I have a data frame like:
df= pd.DataFrame({'A': [1,2,3,4,5], 'B': ['a b c', 'a cf', 'bdf','az c', 'ab f']})
List of lists to be matched:
lsts = [['a','c'], ['b', 'd']]
I need to get all the rows from df where column 'B' contains all the elements from any of the sub-lists. It should contain either both ('a' and 'b') or contain both ('b' and 'd'). So, the output should look like
What will be an optimal way to do this? Thanks.
CodePudding user response:
You can use .str.findall
to convert characters in column B to lists then loop the lsts
to use set.issubset
to check if lst
is subset of lists in column B. At last use np.logical_or
to reduce the boolean list.
import numpy as np
lsts = [['a','c'], ['b', 'd']]
bs = df['B'].str.findall(r'\w').apply(set)

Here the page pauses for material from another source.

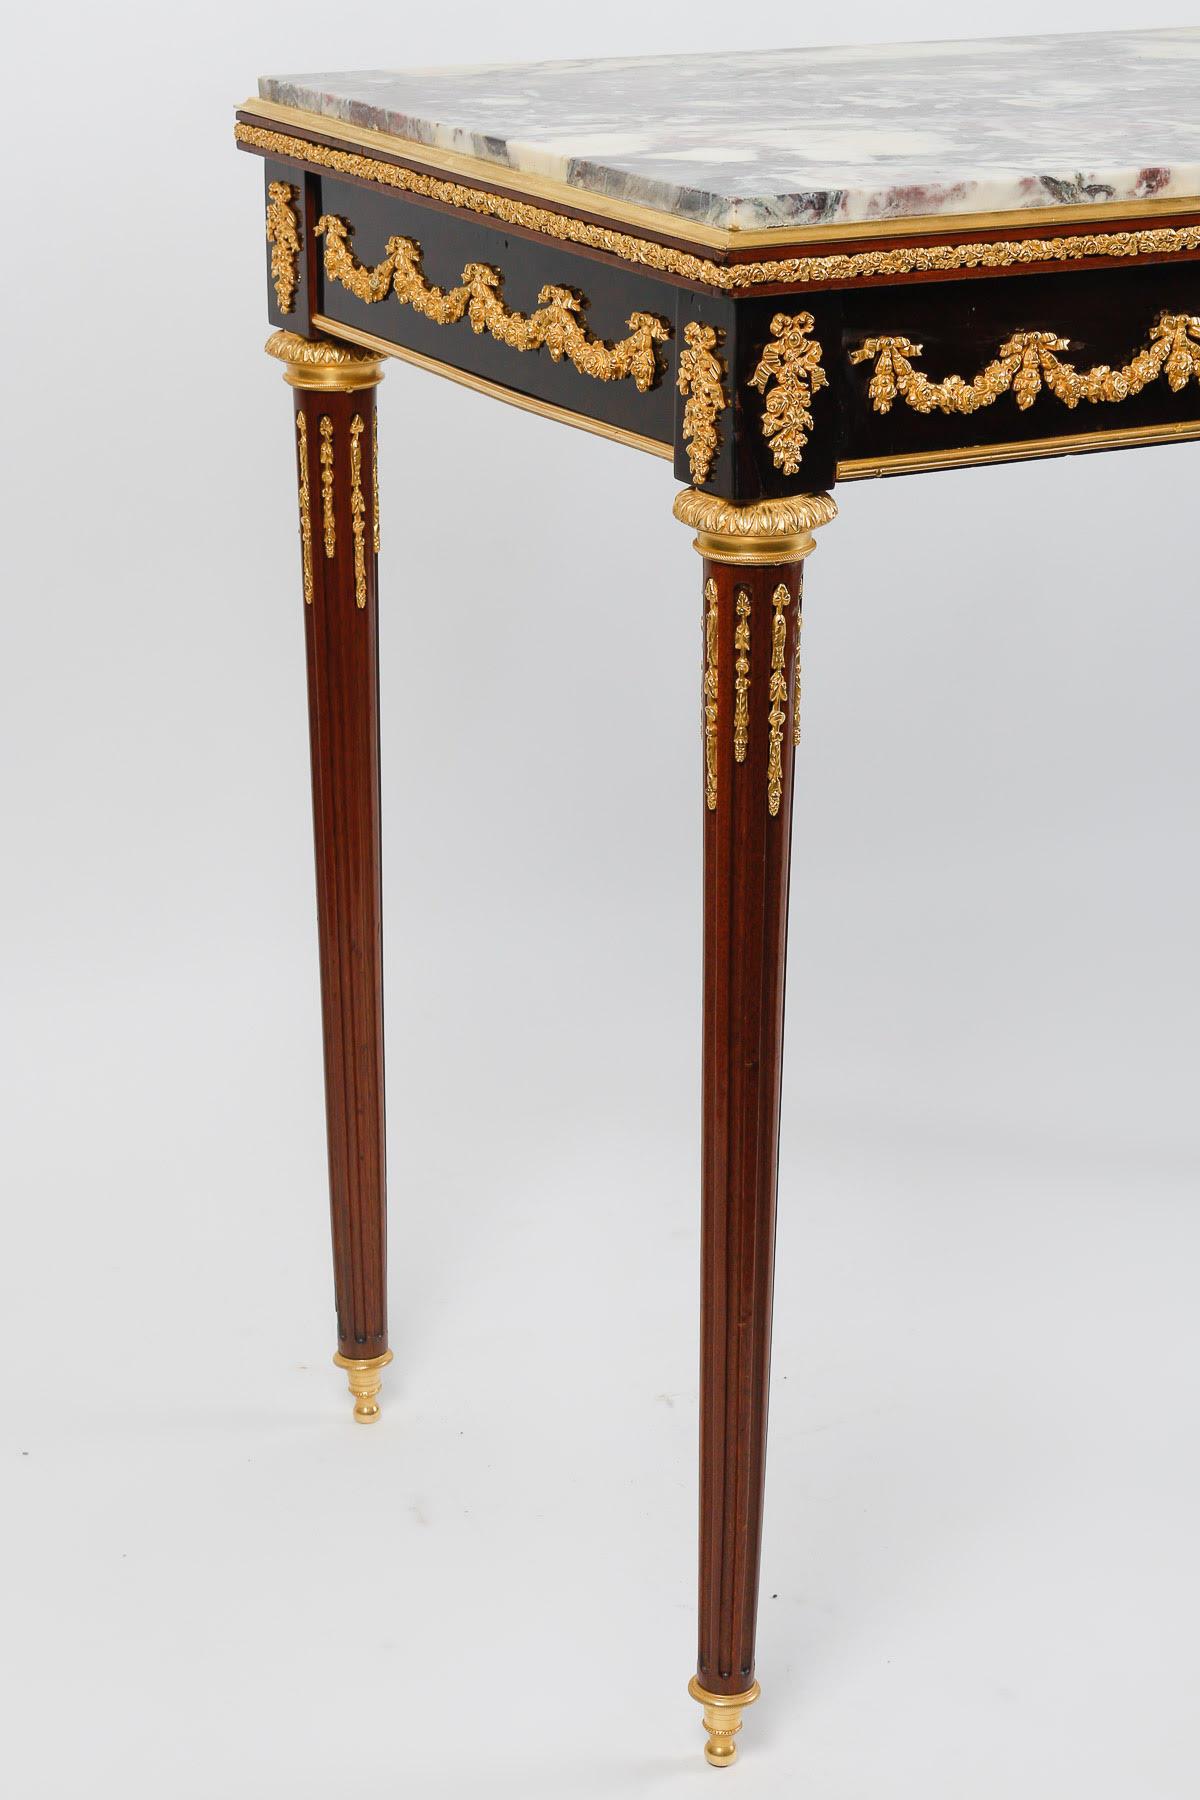 Gilt Centre Table, Small Desk 19th Century, Napoleon III Period. For Sale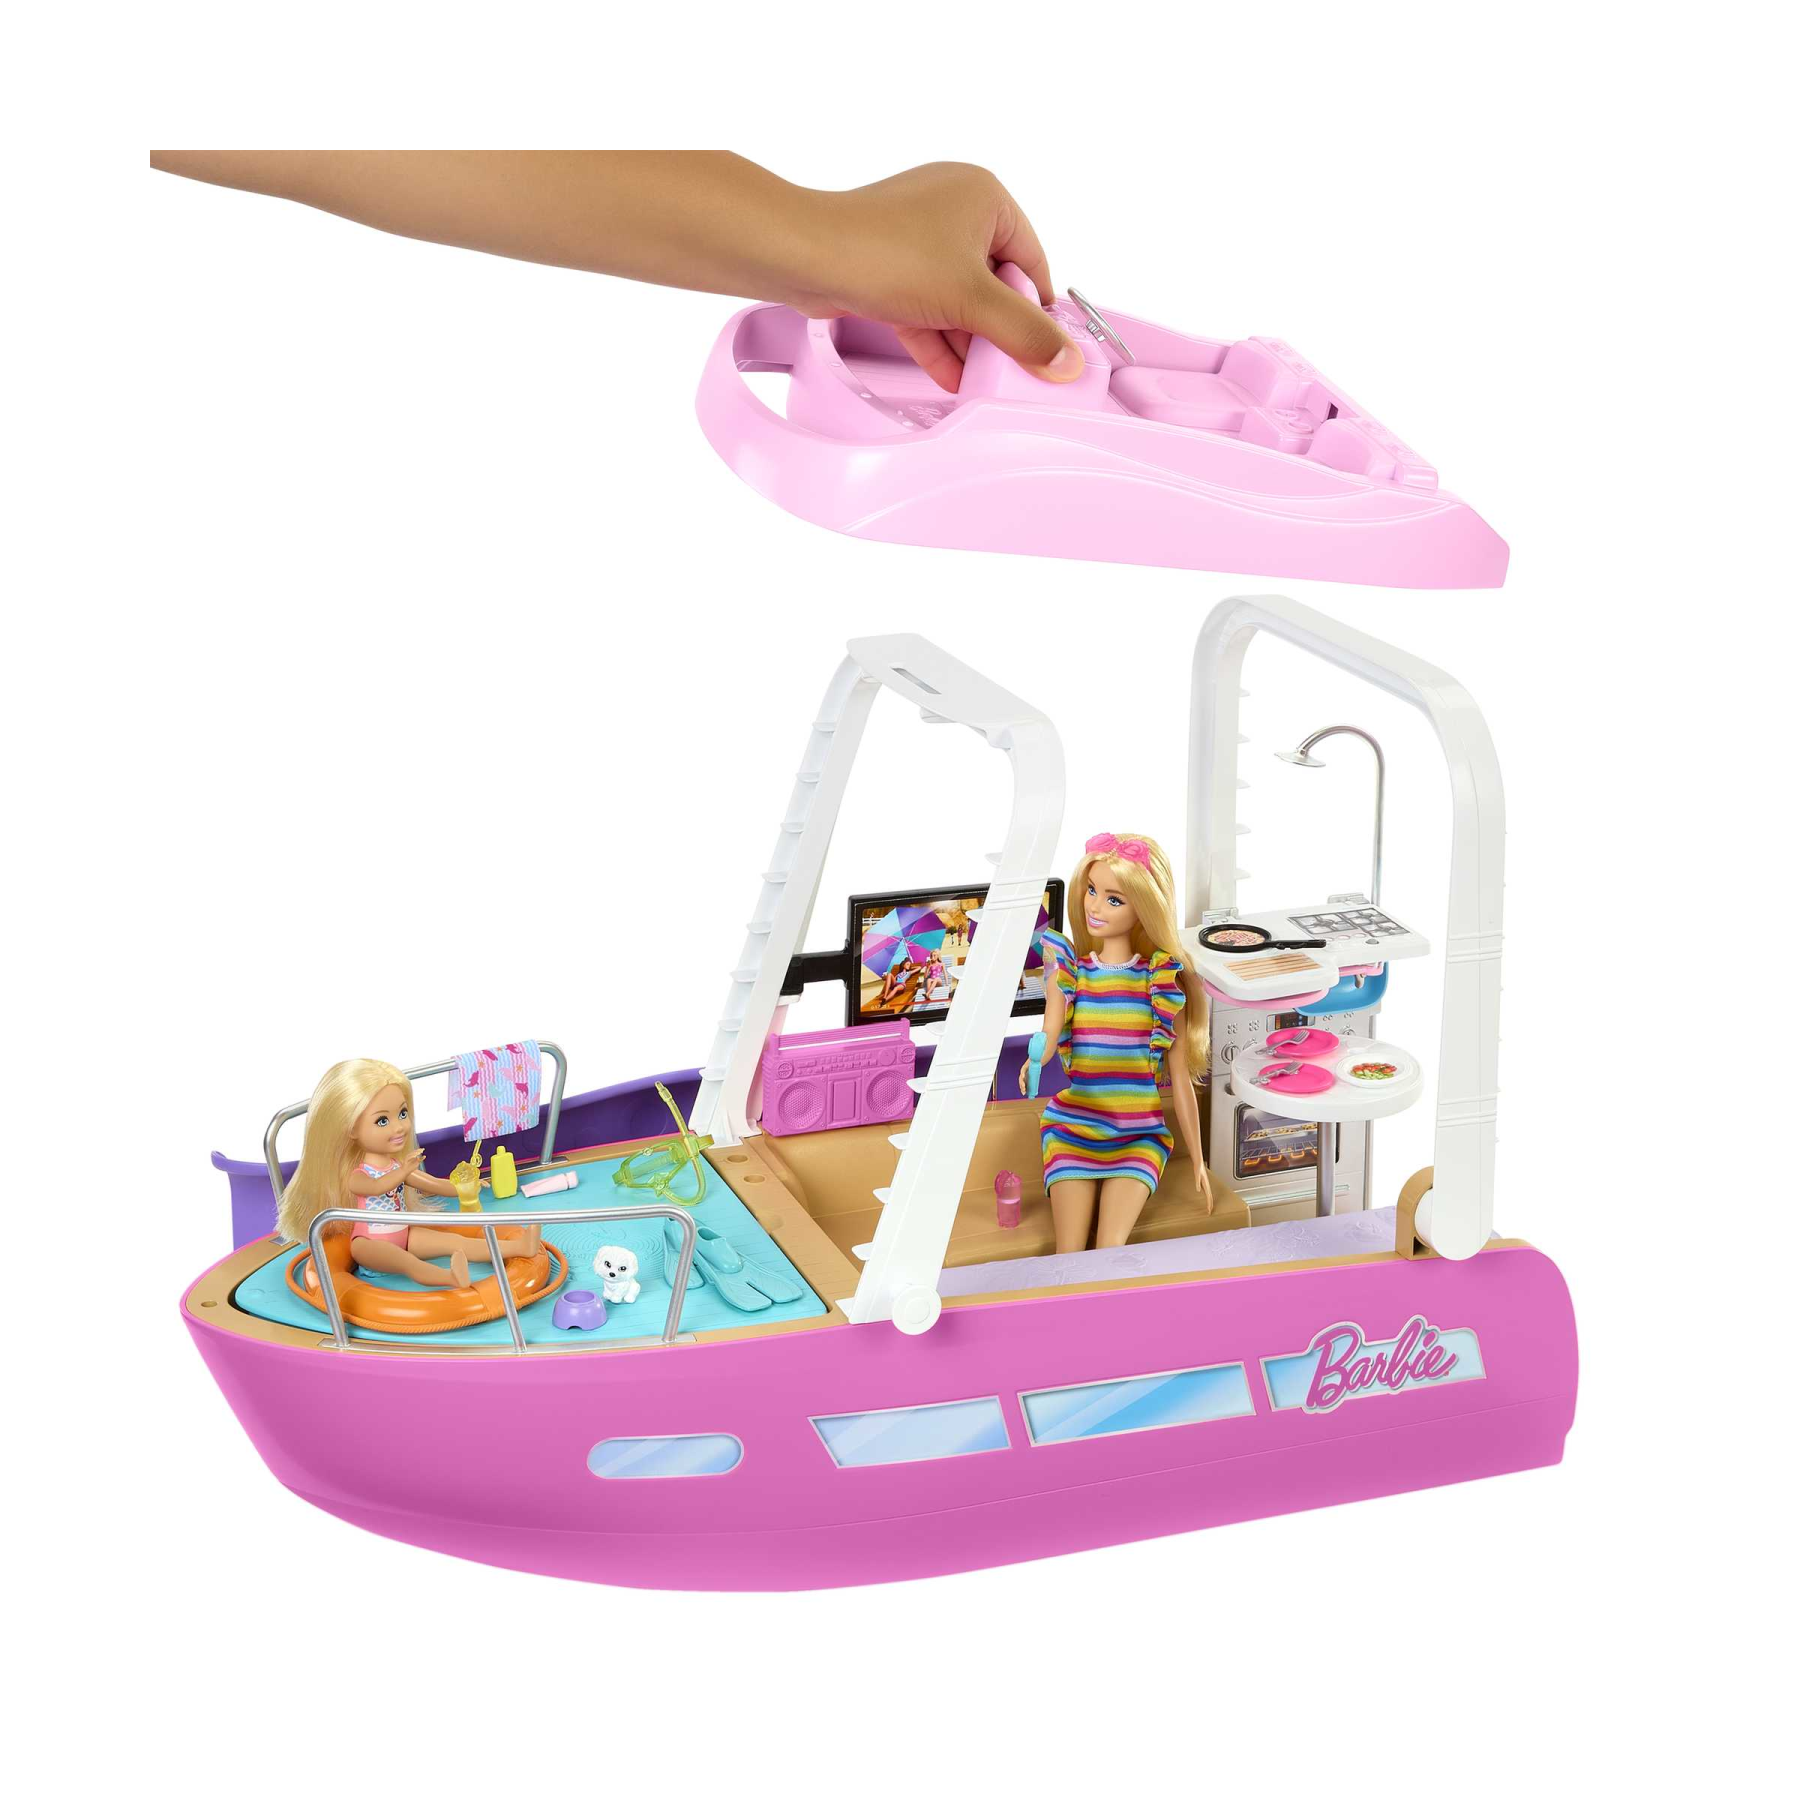 Barbie camper dei sogni playset con veicolo con ruote funzionanti, 7 aree  gioco, piscina, scivolo e +60 accessori, giocattolo per bambini 3+ anni -  Toys Center

m = np.logical_or.reduce([bs.apply(set(lst).issubset) for lst in lsts])
print(df[m])
A B
0 1 a b c
1 2 a cf
2 3 bdf
3 4 az c
CodePudding user response:
You can use set operations:
lsts = [['a','c'], ['b', 'd']]
sets = [set(l) for l in lsts]
df[[any(S.issubset(x) for S in sets) for x in df['B']]]
Output:
A B
0 1 a b c
1 2 a cf
2 3 bdf
3 4 az c